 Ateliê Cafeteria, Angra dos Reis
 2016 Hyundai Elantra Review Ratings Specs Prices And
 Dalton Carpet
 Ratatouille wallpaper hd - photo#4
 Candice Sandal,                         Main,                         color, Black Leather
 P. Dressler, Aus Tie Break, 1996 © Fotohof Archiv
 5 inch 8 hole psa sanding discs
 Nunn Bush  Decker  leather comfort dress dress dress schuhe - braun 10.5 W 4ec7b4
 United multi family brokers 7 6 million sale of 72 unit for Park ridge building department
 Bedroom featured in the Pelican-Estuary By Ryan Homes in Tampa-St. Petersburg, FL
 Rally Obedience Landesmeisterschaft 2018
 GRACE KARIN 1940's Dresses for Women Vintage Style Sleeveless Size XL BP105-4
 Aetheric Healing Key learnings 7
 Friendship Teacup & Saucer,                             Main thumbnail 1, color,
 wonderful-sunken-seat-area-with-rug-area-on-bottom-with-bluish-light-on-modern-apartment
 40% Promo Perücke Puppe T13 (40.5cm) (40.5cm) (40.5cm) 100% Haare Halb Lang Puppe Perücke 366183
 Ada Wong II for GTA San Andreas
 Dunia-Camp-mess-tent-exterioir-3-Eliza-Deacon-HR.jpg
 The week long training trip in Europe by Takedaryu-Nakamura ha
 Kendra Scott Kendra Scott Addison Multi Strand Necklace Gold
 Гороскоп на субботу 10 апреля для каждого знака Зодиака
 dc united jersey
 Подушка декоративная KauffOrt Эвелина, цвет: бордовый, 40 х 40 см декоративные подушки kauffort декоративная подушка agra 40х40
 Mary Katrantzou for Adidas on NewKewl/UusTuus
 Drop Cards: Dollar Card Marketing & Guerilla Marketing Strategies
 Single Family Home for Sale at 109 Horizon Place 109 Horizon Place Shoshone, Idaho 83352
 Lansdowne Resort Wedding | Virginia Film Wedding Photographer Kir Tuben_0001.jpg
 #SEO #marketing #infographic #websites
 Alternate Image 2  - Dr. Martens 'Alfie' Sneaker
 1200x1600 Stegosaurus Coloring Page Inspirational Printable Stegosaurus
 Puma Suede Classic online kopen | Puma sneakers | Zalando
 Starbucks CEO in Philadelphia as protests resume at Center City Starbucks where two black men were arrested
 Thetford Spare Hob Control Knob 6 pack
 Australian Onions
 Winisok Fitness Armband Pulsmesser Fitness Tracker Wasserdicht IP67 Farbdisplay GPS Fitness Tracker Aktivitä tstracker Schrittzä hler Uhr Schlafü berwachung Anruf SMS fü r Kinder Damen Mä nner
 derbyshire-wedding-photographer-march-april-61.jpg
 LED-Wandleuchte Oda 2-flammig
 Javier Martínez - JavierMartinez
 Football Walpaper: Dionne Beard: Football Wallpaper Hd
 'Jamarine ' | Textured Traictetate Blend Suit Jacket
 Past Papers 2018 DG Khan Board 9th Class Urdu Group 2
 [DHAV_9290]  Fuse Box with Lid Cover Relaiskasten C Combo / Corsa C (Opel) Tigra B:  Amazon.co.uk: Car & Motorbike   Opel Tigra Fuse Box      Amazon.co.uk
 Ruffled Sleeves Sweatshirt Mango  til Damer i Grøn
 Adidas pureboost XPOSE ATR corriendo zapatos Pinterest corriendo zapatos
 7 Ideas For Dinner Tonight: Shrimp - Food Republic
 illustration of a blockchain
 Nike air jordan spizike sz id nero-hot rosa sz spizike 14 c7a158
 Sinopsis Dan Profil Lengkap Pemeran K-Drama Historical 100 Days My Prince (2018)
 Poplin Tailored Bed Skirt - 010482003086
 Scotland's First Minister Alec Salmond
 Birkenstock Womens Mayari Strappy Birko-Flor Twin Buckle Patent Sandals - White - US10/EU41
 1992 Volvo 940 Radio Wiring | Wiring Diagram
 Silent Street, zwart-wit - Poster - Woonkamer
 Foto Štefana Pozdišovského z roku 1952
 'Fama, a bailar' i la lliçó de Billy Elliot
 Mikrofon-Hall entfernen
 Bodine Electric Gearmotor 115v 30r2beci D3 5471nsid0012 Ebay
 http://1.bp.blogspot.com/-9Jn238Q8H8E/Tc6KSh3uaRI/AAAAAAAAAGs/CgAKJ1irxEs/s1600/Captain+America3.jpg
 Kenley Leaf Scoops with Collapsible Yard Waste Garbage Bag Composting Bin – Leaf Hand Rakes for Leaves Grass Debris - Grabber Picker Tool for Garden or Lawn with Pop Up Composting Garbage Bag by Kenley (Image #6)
┄┄┄┄┄┄┄┄┄┄
## [WHAT YOU HAVE TO DO]
Repeat the material word for word, with no line missing.

## [FINAL ANSWER]
 Ateliê Cafeteria, Angra dos Reis
 2016 Hyundai Elantra Review Ratings Specs Prices And
 Dalton Carpet
 Ratatouille wallpaper hd - photo#4
 Candice Sandal,                         Main,                         color, Black Leather
 P. Dressler, Aus Tie Break, 1996 © Fotohof Archiv
 5 inch 8 hole psa sanding discs
 Nunn Bush  Decker  leather comfort dress dress dress schuhe - braun 10.5 W 4ec7b4
 United multi family brokers 7 6 million sale of 72 unit for Park ridge building department
 Bedroom featured in the Pelican-Estuary By Ryan Homes in Tampa-St. Petersburg, FL
 Rally Obedience Landesmeisterschaft 2018
 GRACE KARIN 1940's Dresses for Women Vintage Style Sleeveless Size XL BP105-4
 Aetheric Healing Key learnings 7
 Friendship Teacup & Saucer,                             Main thumbnail 1, color,
 wonderful-sunken-seat-area-with-rug-area-on-bottom-with-bluish-light-on-modern-apartment
 40% Promo Perücke Puppe T13 (40.5cm) (40.5cm) (40.5cm) 100% Haare Halb Lang Puppe Perücke 366183
 Ada Wong II for GTA San Andreas
 Dunia-Camp-mess-tent-exterioir-3-Eliza-Deacon-HR.jpg
 The week long training trip in Europe by Takedaryu-Nakamura ha
 Kendra Scott Kendra Scott Addison Multi Strand Necklace Gold
 Гороскоп на субботу 10 апреля для каждого знака Зодиака
 dc united jersey
 Подушка декоративная KauffOrt Эвелина, цвет: бордовый, 40 х 40 см декоративные подушки kauffort декоративная подушка agra 40х40
 Mary Katrantzou for Adidas on NewKewl/UusTuus
 Drop Cards: Dollar Card Marketing & Guerilla Marketing Strategies
 Single Family Home for Sale at 109 Horizon Place 109 Horizon Place Shoshone, Idaho 83352
 Lansdowne Resort Wedding | Virginia Film Wedding Photographer Kir Tuben_0001.jpg
 #SEO #marketing #infographic #websites
 Alternate Image 2  - Dr. Martens 'Alfie' Sneaker
 1200x1600 Stegosaurus Coloring Page Inspirational Printable Stegosaurus
 Puma Suede Classic online kopen | Puma sneakers | Zalando
 Starbucks CEO in Philadelphia as protests resume at Center City Starbucks where two black men were arrested
 Thetford Spare Hob Control Knob 6 pack
 Australian Onions
 Winisok Fitness Armband Pulsmesser Fitness Tracker Wasserdicht IP67 Farbdisplay GPS Fitness Tracker Aktivitä tstracker Schrittzä hler Uhr Schlafü berwachung Anruf SMS fü r Kinder Damen Mä nner
 derbyshire-wedding-photographer-march-april-61.jpg
 LED-Wandleuchte Oda 2-flammig
 Javier Martínez - JavierMartinez
 Football Walpaper: Dionne Beard: Football Wallpaper Hd
 'Jamarine ' | Textured Traictetate Blend Suit Jacket
 Past Papers 2018 DG Khan Board 9th Class Urdu Group 2
 [DHAV_9290]  Fuse Box with Lid Cover Relaiskasten C Combo / Corsa C (Opel) Tigra B:  Amazon.co.uk: Car & Motorbike   Opel Tigra Fuse Box      Amazon.co.uk
 Ruffled Sleeves Sweatshirt Mango  til Damer i Grøn
 Adidas pureboost XPOSE ATR corriendo zapatos Pinterest corriendo zapatos
 7 Ideas For Dinner Tonight: Shrimp - Food Republic
 illustration of a blockchain
 Nike air jordan spizike sz id nero-hot rosa sz spizike 14 c7a158
 Sinopsis Dan Profil Lengkap Pemeran K-Drama Historical 100 Days My Prince (2018)
 Poplin Tailored Bed Skirt - 010482003086
 Scotland's First Minister Alec Salmond
 Birkenstock Womens Mayari Strappy Birko-Flor Twin Buckle Patent Sandals - White - US10/EU41
 1992 Volvo 940 Radio Wiring | Wiring Diagram
 Silent Street, zwart-wit - Poster - Woonkamer
 Foto Štefana Pozdišovského z roku 1952
 'Fama, a bailar' i la lliçó de Billy Elliot
 Mikrofon-Hall entfernen
 Bodine Electric Gearmotor 115v 30r2beci D3 5471nsid0012 Ebay
 http://1.bp.blogspot.com/-9Jn238Q8H8E/Tc6KSh3uaRI/AAAAAAAAAGs/CgAKJ1irxEs/s1600/Captain+America3.jpg
 Kenley Leaf Scoops with Collapsible Yard Waste Garbage Bag Composting Bin – Leaf Hand Rakes for Leaves Grass Debris - Grabber Picker Tool for Garden or Lawn with Pop Up Composting Garbage Bag by Kenley (Image #6)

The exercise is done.